▸ Assignment: Leaving the pictures aside, restate all of the data exactly.

▸ Data:
————————

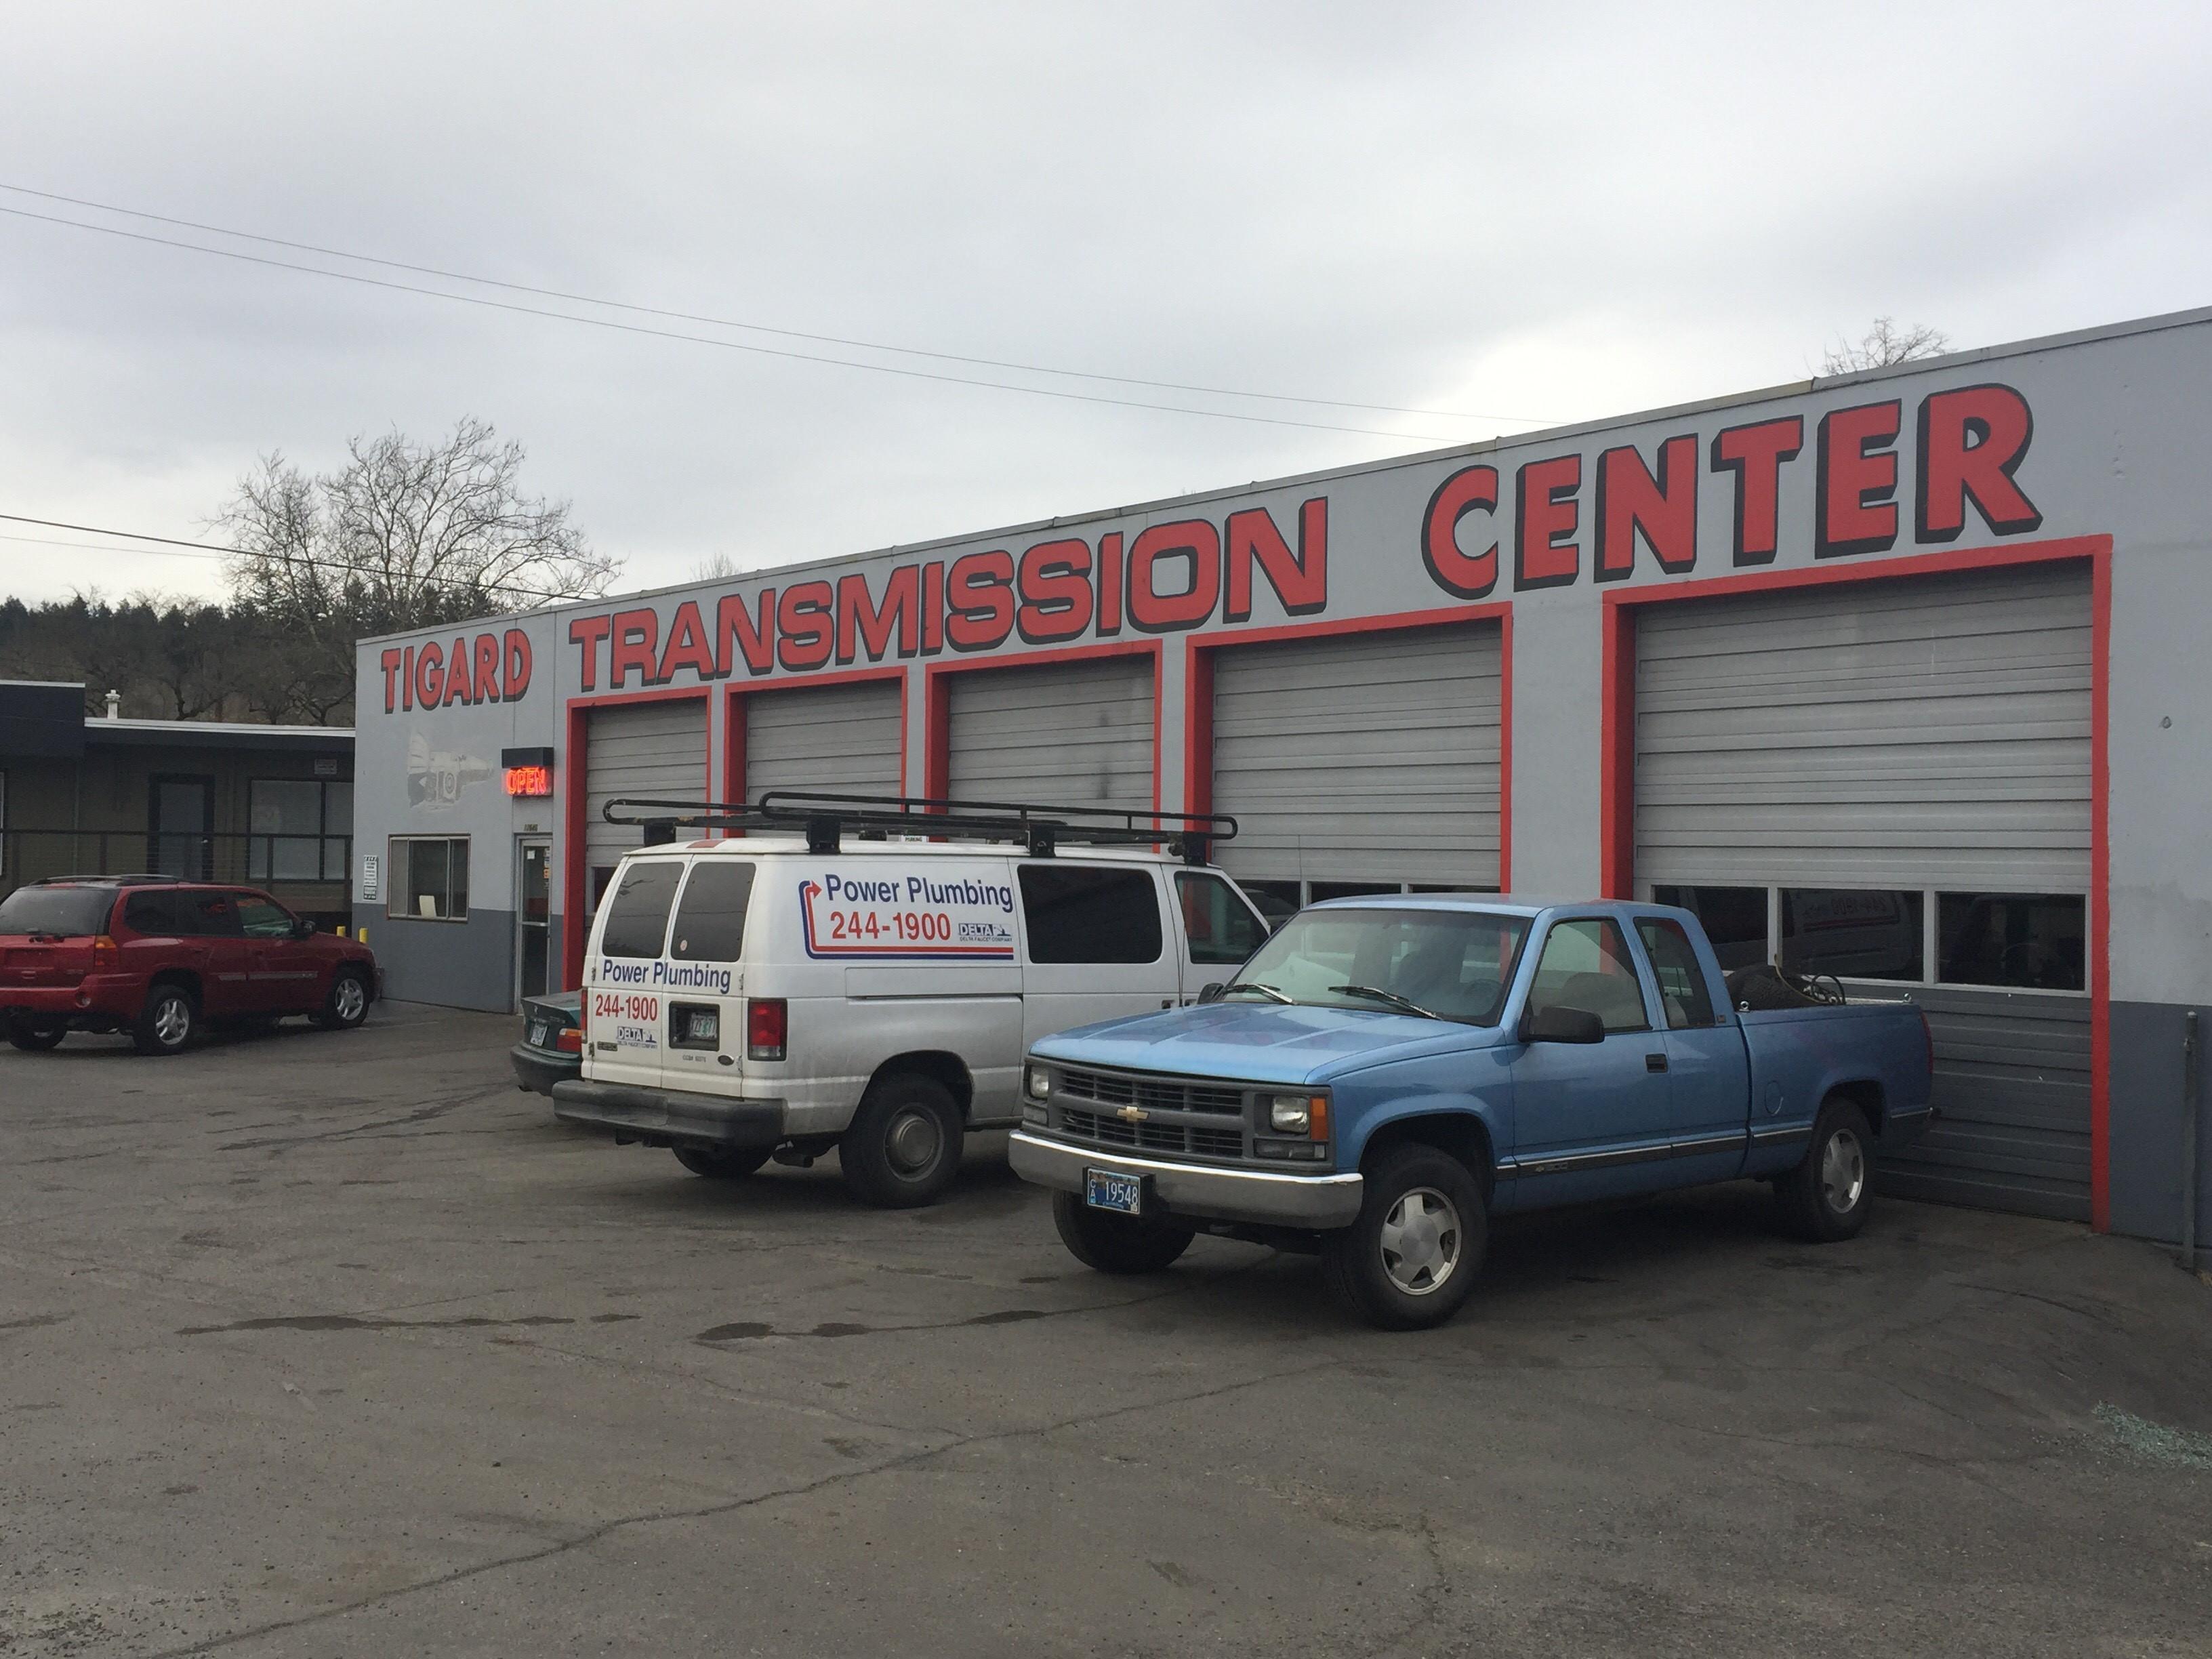 Tigard Transmission Center image 5
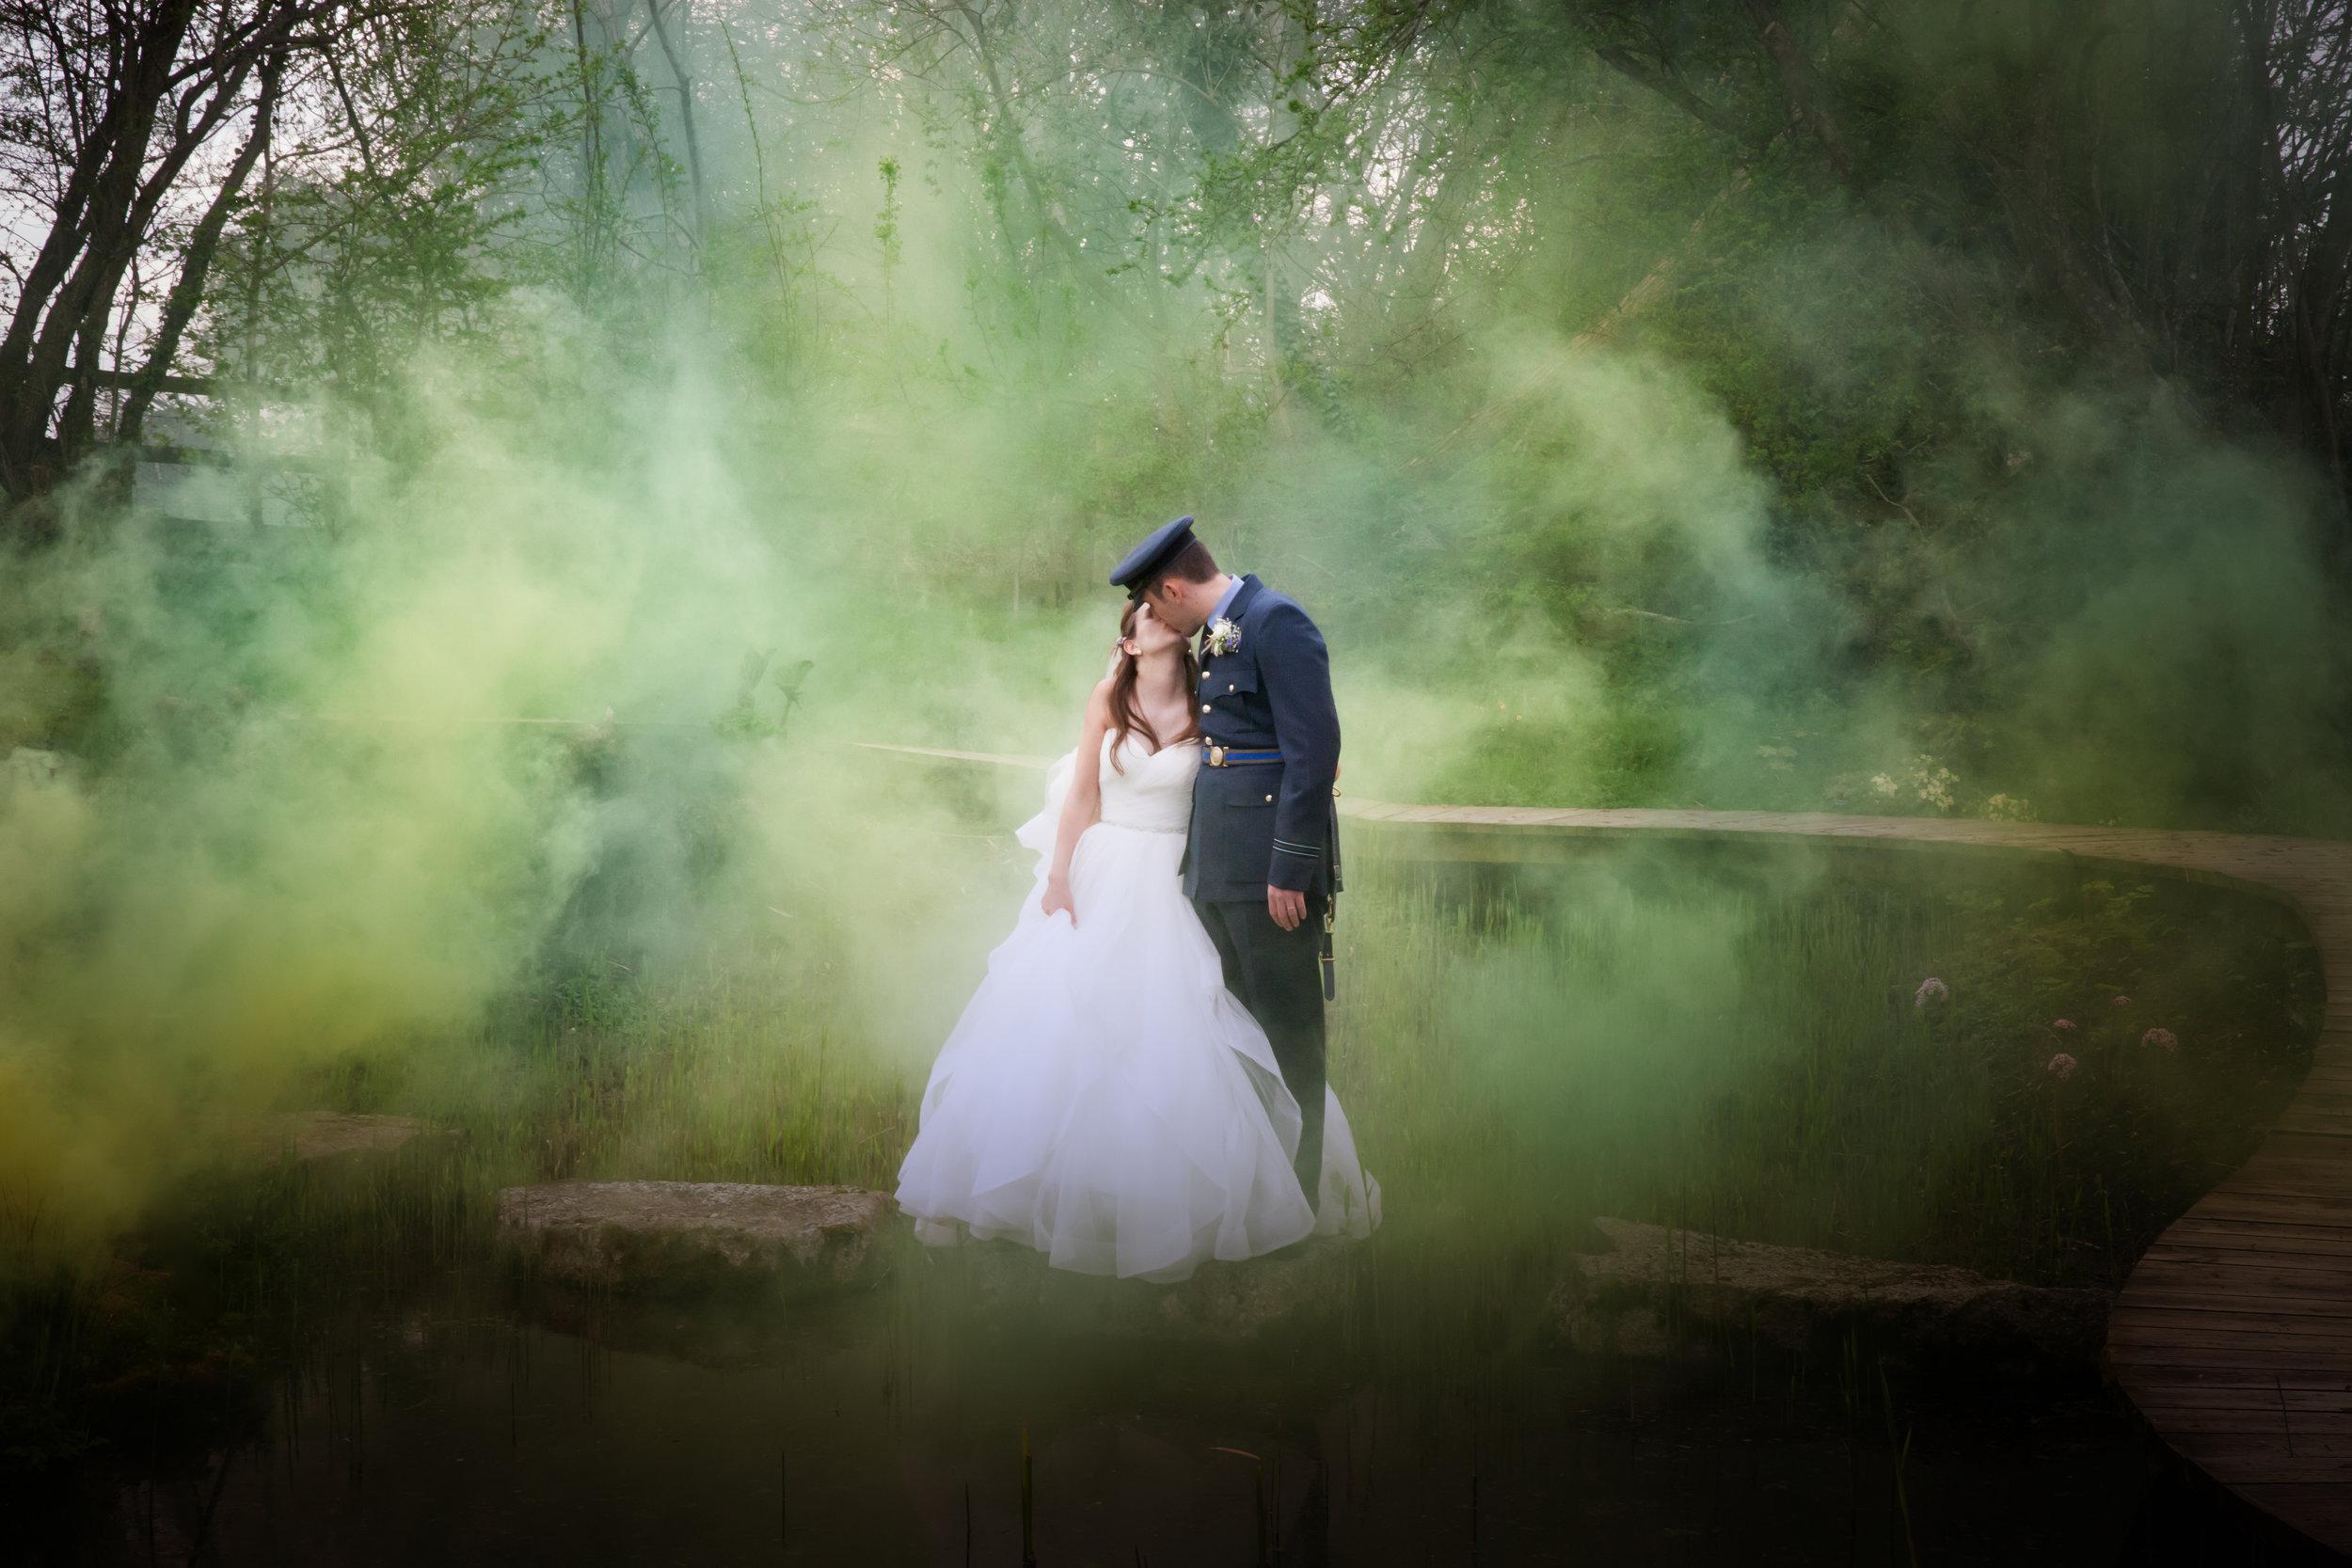 Trash or Treaure your dress shoot, Wayne Hudson Photography, Lucria Creative, Cornwall and Devon wedding photographer based in Launceston, Smoke, Water
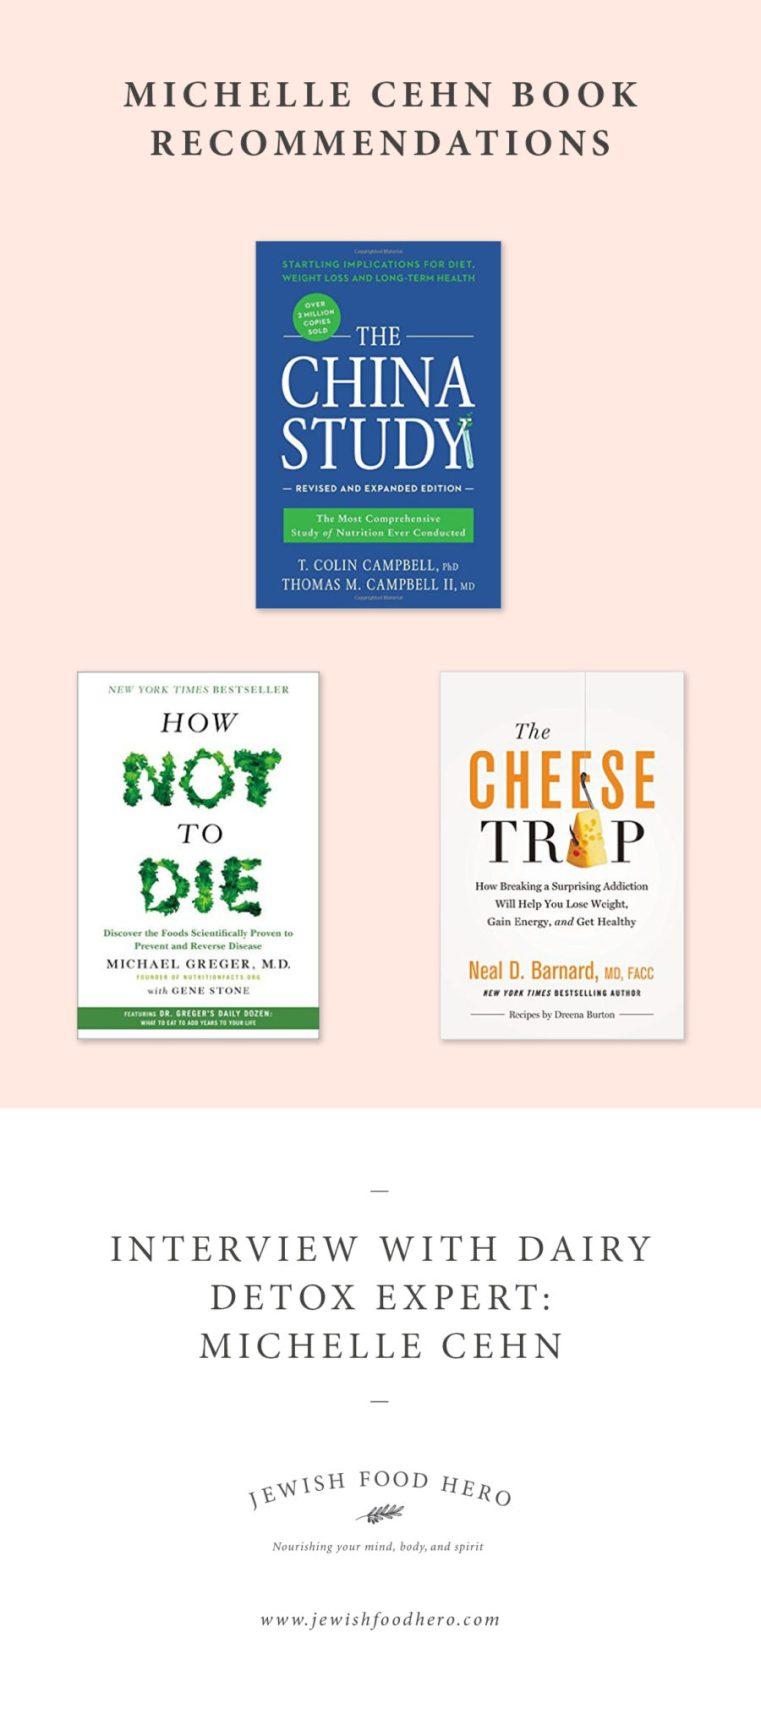 dairy detox, book recommendations, going vegan, vegan diet, dairy free, cutting dairy, easy vegan diet

————————

▸ Response:
 Tigard Transmission Center image 5
 Trash or Treaure your dress shoot, Wayne Hudson Photography, Lucria Creative, Cornwall and Devon wedding photographer based in Launceston, Smoke, Water
 dairy detox, book recommendations, going vegan, vegan diet, dairy free, cutting dairy, easy vegan diet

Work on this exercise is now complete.